Non esiste, ad oggi, un singolo studio che identifichi il wiggle butt come tratto genetico specifico dell’Australian Shepherd. Sarebbe quindi scorretto presentarlo come una caratteristica scientificamente isolata della razza. Quello che possiamo fare, però, è leggere questo comportamento in modo coerente con ciò che sappiamo del profilo funzionale dell’Aussie.

Il Pastore Australiano è un cane energico, atletico, molto orientato all’interazione con la persona di riferimento e spesso pronto a ingaggiarsi in ciò che accade. Quando sale di intensità, sale davvero: aspettativa, motivazione, prontezza a partecipare, desiderio di contatto e attenzione al contesto si sommano in pochi istanti.

In questo quadro, il wiggle butt diventa la firma di un momento preciso. Il cane sta dicendo che c’è, che è coinvolto, che è disponibile all’interazione e che qualcosa, in quella situazione, ha per lui un valore emotivo forte. Può essere il rientro a casa del proprietario, l’inizio di un gioco, la preparazione di un’attività amata o semplicemente un momento di connessione particolarmente intenso.


Anche dal punto di vista biomeccanico, il comportamento è facile da visualizzare. Quando lo scodinzolio è ampio e rapido, il cane non sta muovendo soltanto la coda. Vengono coinvolti muscoli del cingolo pelvico, stabilizzatori del tronco e strutture che partecipano all’equilibrio del movimento.

Se l’intensità emotiva aumenta, il segnale tende a propagarsi. Non resta più un movimento localizzato, ma diventa un’espressione quasi globale: più energia emotiva, più ampiezza del segnale, più coinvolgimento del corpo.

Questo spiega anche perché due Aussie possano “wigglare” in modo diverso. La base comunicativa è simile, ma l’espressione concreta dipende dalla struttura fisica, dalla coordinazione, dal temperamento, dalla storia individuale e dal livello di attivazione del momento. C’è l’Aussie che ondeggia appena, quello che si piega quasi a mezzaluna e quello che sembra muoversi tutto, dalla testa alle anche.


Nella maggior parte dei casi, il wiggle butt è un segnale affiliativo. Lo vediamo quando il cane è contento di rivederci, quando parte un gioco, quando sta per iniziare un’attività che ama o quando cerca un contatto positivo. Ma la regola resta sempre la stessa: non bisogna mai interpretare un singolo segnale isolandolo dal resto del corpo.

Se il corpo è morbido, i movimenti sono fluidi, la bocca è rilassata, lo sguardo è aperto e il cane riesce a fermarsi o a rientrare rapidamente, il wiggle butt è quasi sempre un segnale positivo, chiaro e pulito.

Se invece il cane appare iperattivato, fatica a interrompersi, aumenta rapidamente l’intensità, salta addosso, vocalizza in modo insistente o sembra perdere il controllo della situazione, allora quel movimento ci sta dicendo soprattutto una cosa: il livello di arousal è alto.

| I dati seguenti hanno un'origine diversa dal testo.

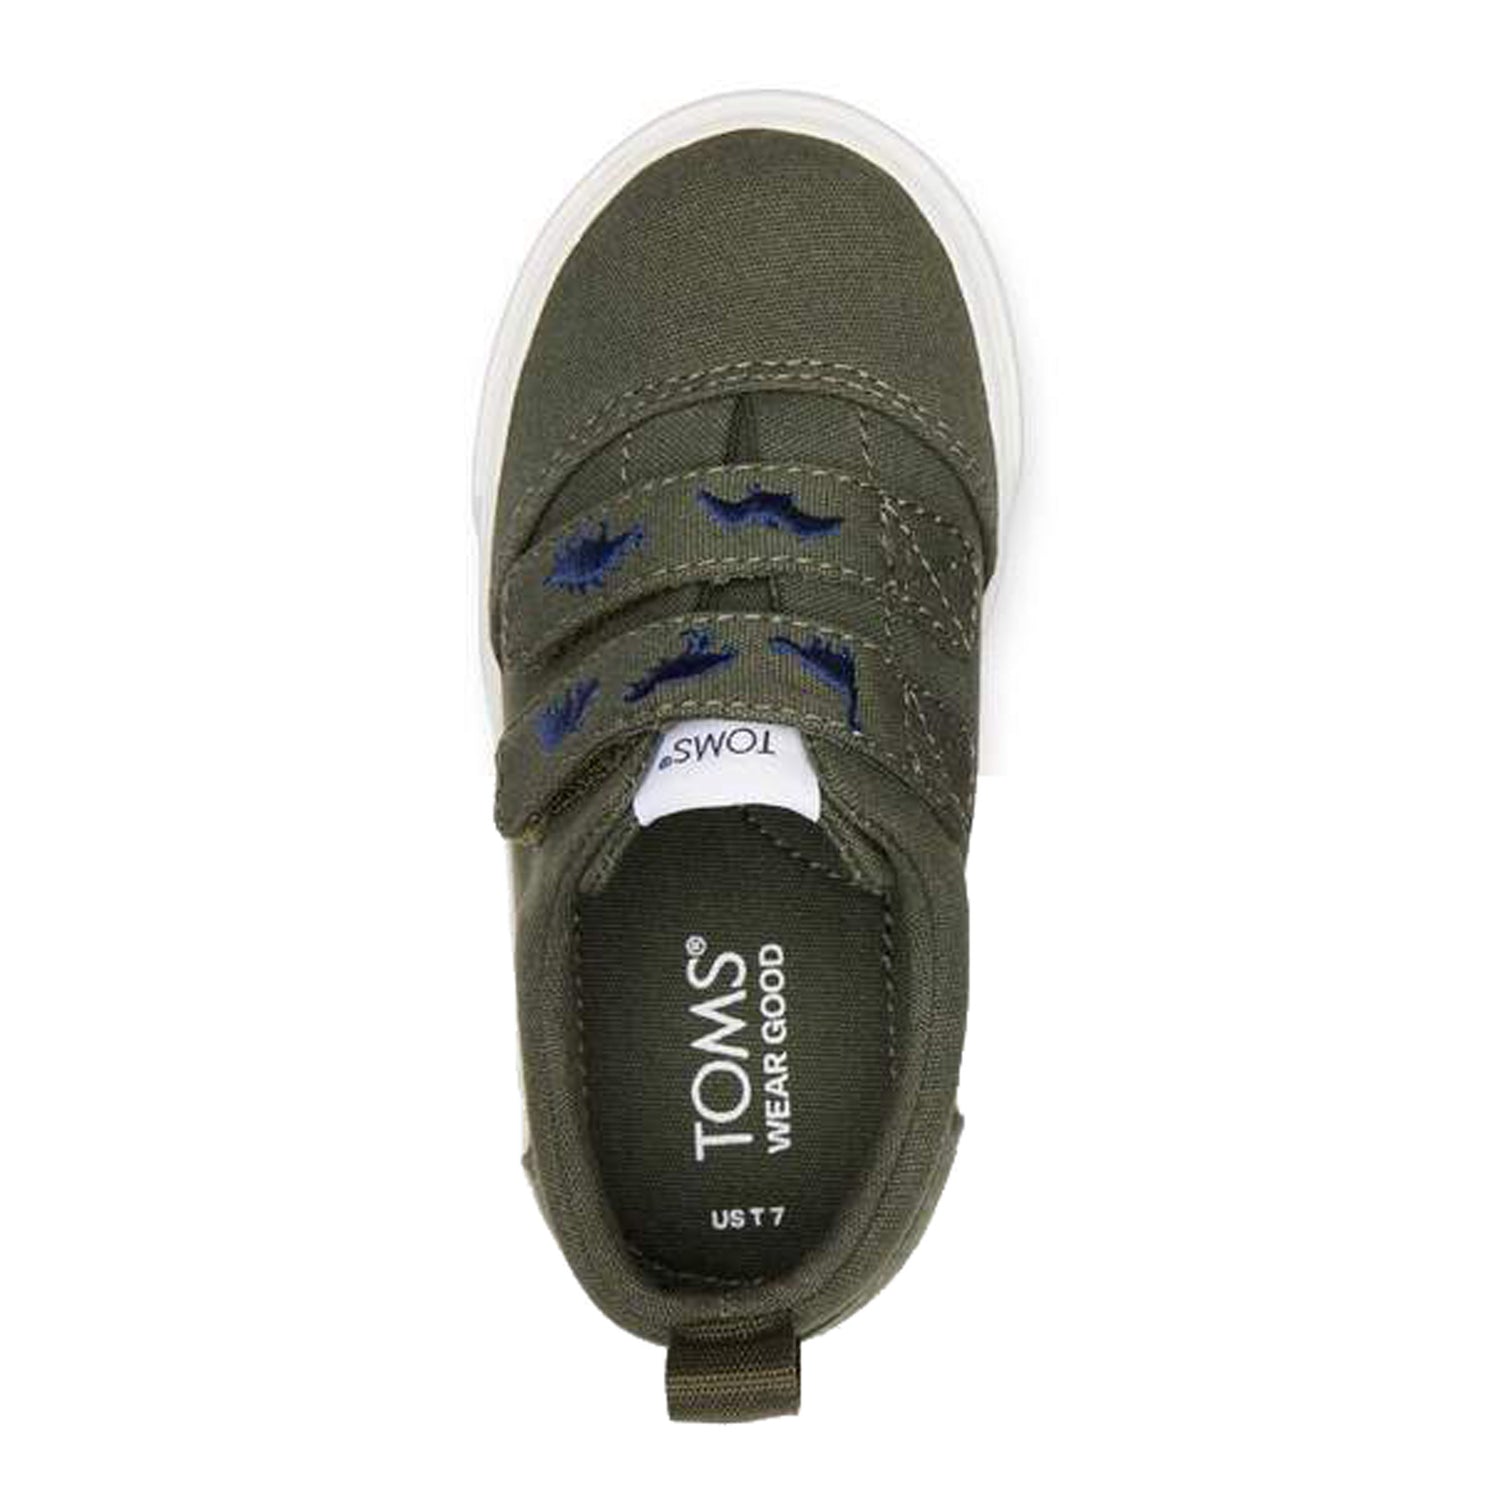 Peltz Shoes  Boy’s Toms Fenix Sneaker - Toddler Dark Sage 10020535

In quel caso non serve spegnere l’emozione, né punire il cane perché è contento. Serve darle una cornice. Saluti più neutri, routine prevedibili, contatto graduale e qualche secondo di pausa prima di alimentare l’interazione possono aiutare molto più di un entusiasmo reciproco che fa salire ancora di più l’intensità.



A me piace pensare che il wiggle butt sia una specie di firma dell’Aussie. Non un semplice gesto simpatico, ma un modo molto diretto di dire: ci sono, sono con te, sono pronto.

È uno di quei comportamenti che, con il tempo, impari a leggere come un indicatore di stato. Ti racconta quando il cane è sereno, quando è molto coinvolto e quando, invece, rischia di essere troppo su di giri. Ti aiuta a scegliere se aumentare l’interazione o abbassare per un attimo il ritmo.

E poi, diciamolo: ci sono saluti che ti cambiano la giornata. L’Aussie, spesso, li firma proprio così.